As will be apparent from FIG. 3, the anti-erosion plate 1 has a thickness substantially equal to that of the moving blade 2 made of Ti-alloy steel, over the length of the plate 1 between a point radially outside of the portion 1a and the radially outer extremity. The moving blade 2 is formed with the protrusions 7 which project from both sides thereof in the vicinity of the portion 1a of the anti-erosion plate 1, in the thicknesswise direction of the moving blade 2. Due to this, as shown in FIG. 4, the maximum thickness t2 of a portion of the moving blade 2 where the protrusions 7 are formed is greater than the maximum thickness t1 of the anti-erosion plate 1. By forming the protrusions 7 having arcuate cross-sections, the moving blade 2 has a greater cross-sectional area at a portion thereof near the base 1a of the anti-erosion plate than at other portions thereabout. Thanks to this inreased cross-sectional area, the undesirable drastic increase of the stress in the vicinity of the base 1a of the anti-erosion plate 1 is fairly avoided.
The turbine moving blade having protrusions protruded in the thicknesswise direction of the blade will be compared with the conventional moving blade having an increased blade width.
A turbine blade is assumed here to originally have an effective length of 40 to 41 in., overall width including the anti-erosion plate 1 of 100 mm, mean thickness of 8 mm, and a width of anti-erosion plate 1 of 15 mm. It is possible to reduce the stresses near the base 1a of the anti-erosion plate 1 to a level substantially equal to the level of stresses around the base 1a, if the mean thickness of the moving blade at the portion thereof where the protrusions 7 are formed is increased to about 12 mm, in case where protrusions 7 having an arcuate cross-sectional shape as shown in FIG. 4 are formed. Namely, it is sufficient to increase the mean thickness of the moving blade by about 4 mm. On the other hand, in the conventional moving blade having an increased blade width, the overall width of the moving blade must be increased to 120 mm by providing a projection of about 20 mm in the widthwise direction of the moving blade, in order to obtain an increase of the cross-sectional area equal to that attained by the present invention.

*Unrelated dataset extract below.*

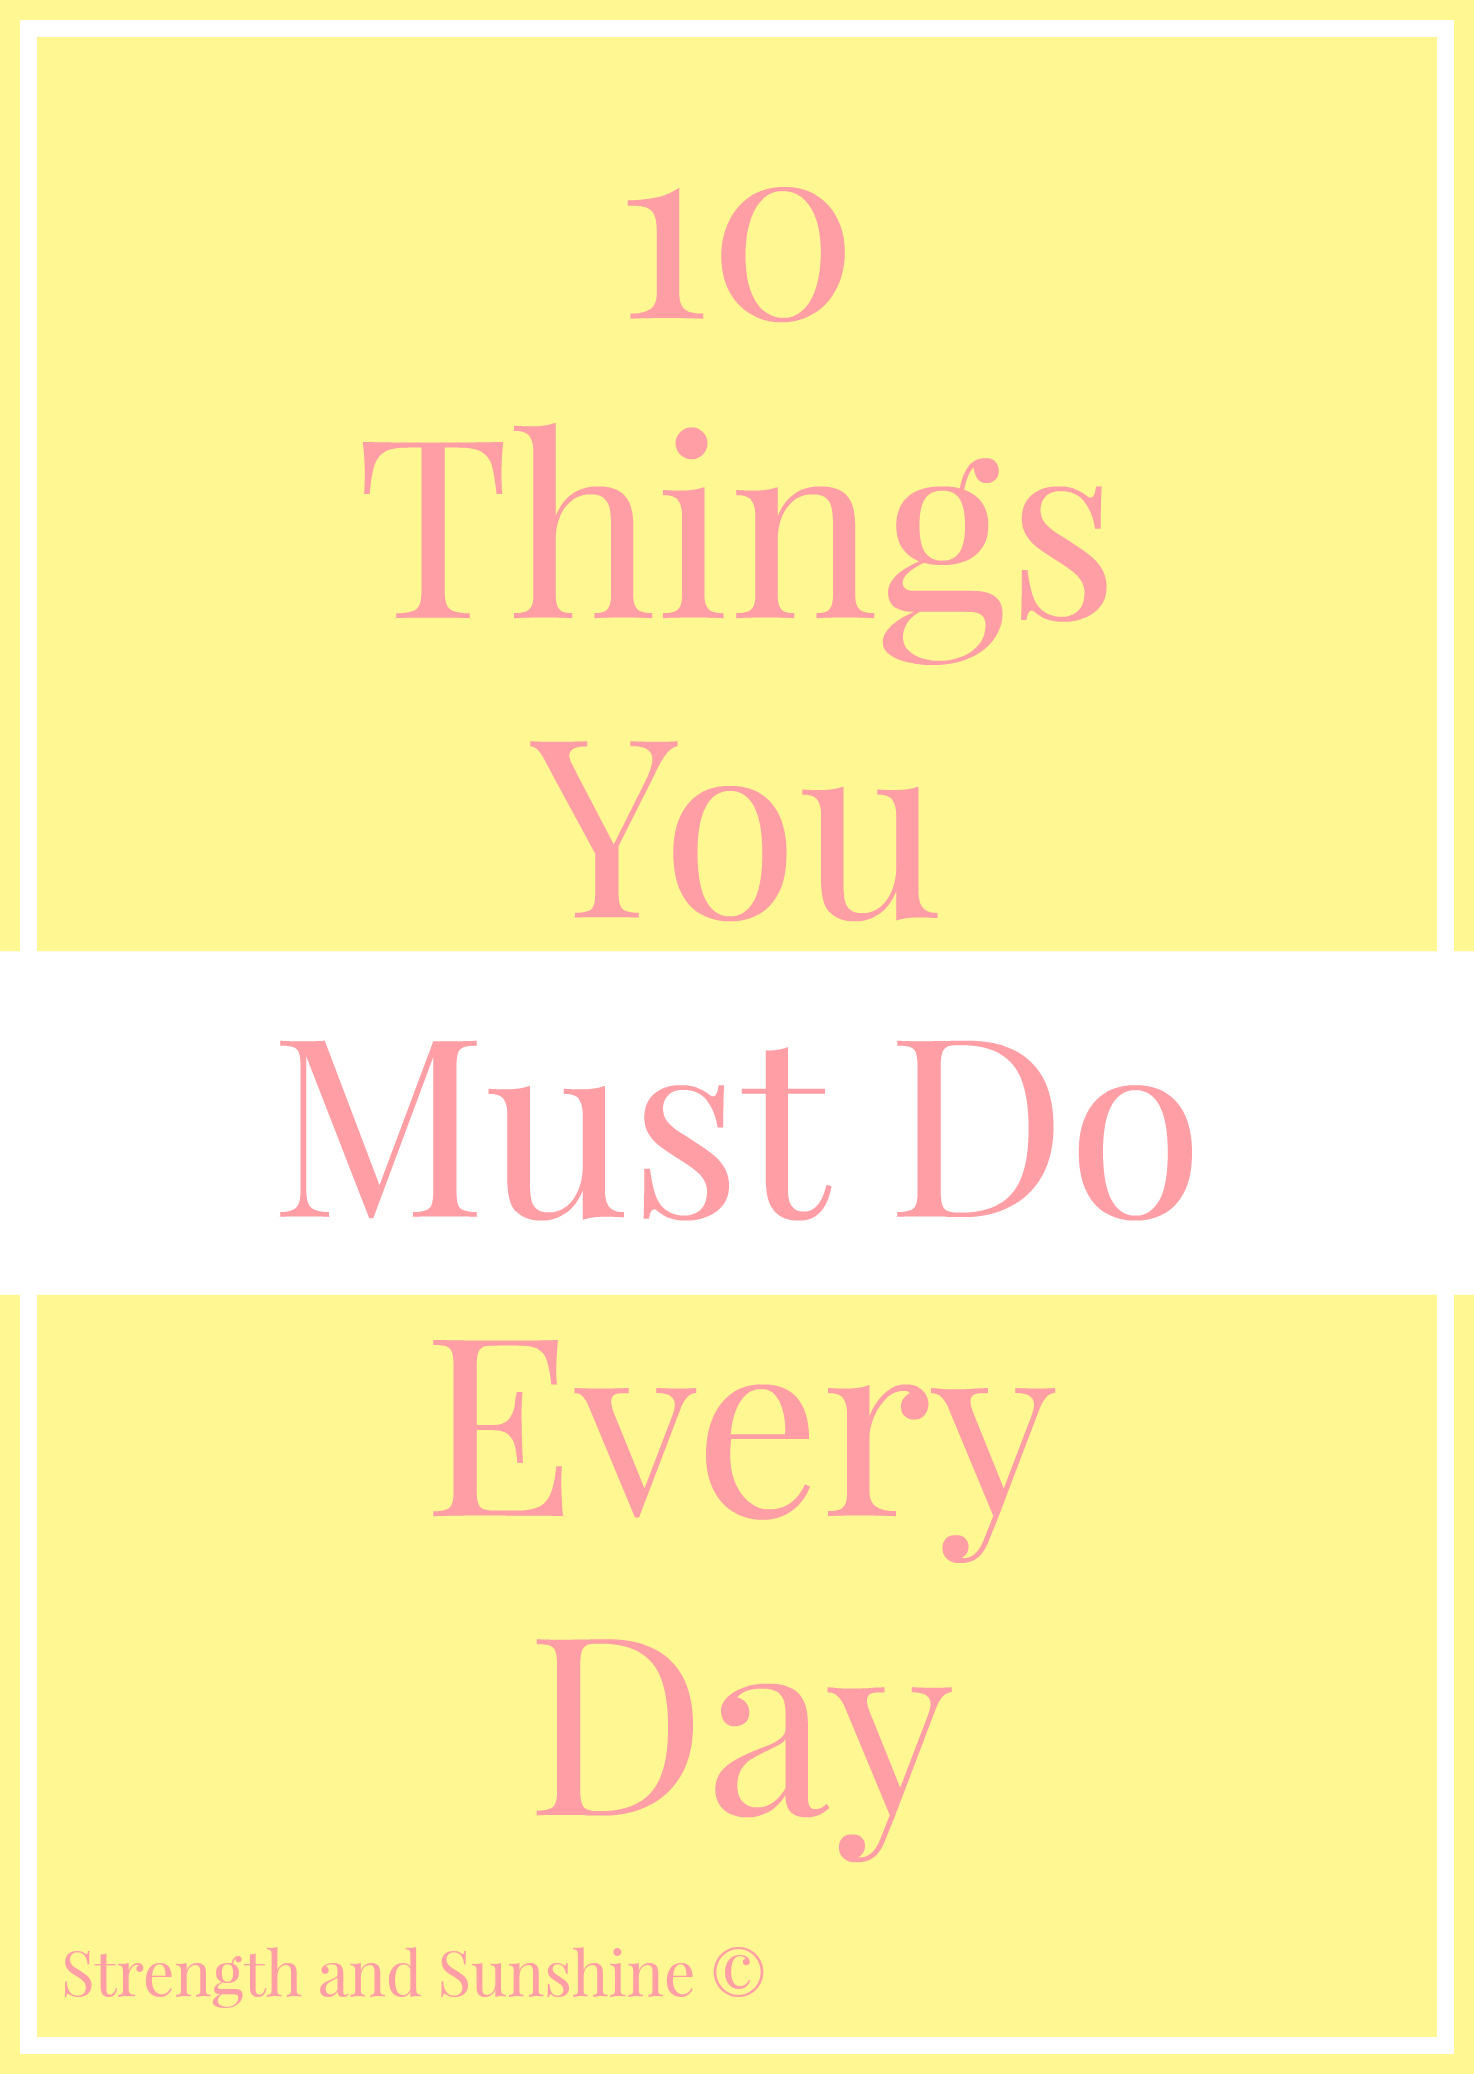 10 Things You Must Do Every Day | Strength and Sunshine @RebeccaGF666 #motivation

It will be clear to those skilled in the art that this widthwise projection in the conventional moving blade incurs a considerably large reduction of the efficiency due to the profile loss.
According to the invention, the stress caused in the portion of the moving blade near the base 1a of the anti-erosion plate 1 may be made smaller by increasing the thickness of the protrusions 7 in the thicknesswise direction of the moving blade.
The optimum blade thickness is given by the following equation:
1.1 t1 <t2 <t1 ×(γs /γT)
where
t2 : the maximum thickness of the moving blade at the portion thereof where protrusions 7 are formed
t1 : the maximum thickness of the anti-erosion plate 1
γs : the specific weight of the anti-erosion plate 1
γT : the specific weight of the turbibone moving blade 2 made of Ti-alloy steel.
FIG. 5 shows the stress distribution in the moving blade when the protrusions 7 are formed.
As will be seen from this Figure, the stresses in the moving blade near the base 1a of the anti-erosion plate 1 is remarkably reduced by the provision of the thicknesswise protrusions 7, as compared with the conventional moving blade the stress in which is shown by a broken-line curve.
Thus, according to the invention, it is possible to obtain a desirable stress distribution in the moving blade by the provision of the thicknesswise protrusions. In addition, no substantial decrease of the efficiency is caused by the slight increase of the blade thickness attributable to the formation of the thicknesswise protrusions. Also, the thermal distortion of the moving blade due to the welding of the anti-erosion plate 1 is decreased thanks to the increased thickness of the moving blade. Also, according to the invention, it is possible to use an anti-erosion plate having a substantially linear shape, which in turn permits an easy manufacturing of the anti-erosion plate, as well as reduction of number of steps of the moving blade manufacturing process, to provide a turbine moving blade of an increased safety and reliability.
As has been described, according to the invention, the stresses occurring in the portions of the moving blade near the base of the anti-erosion plate is sufficiently reduced, without being accompanied by the increase of the profile loss of the blade, thanks to the increase of the cross-sectional area of the turbine moving blade at that portion provided by the thicknesswise protrusions.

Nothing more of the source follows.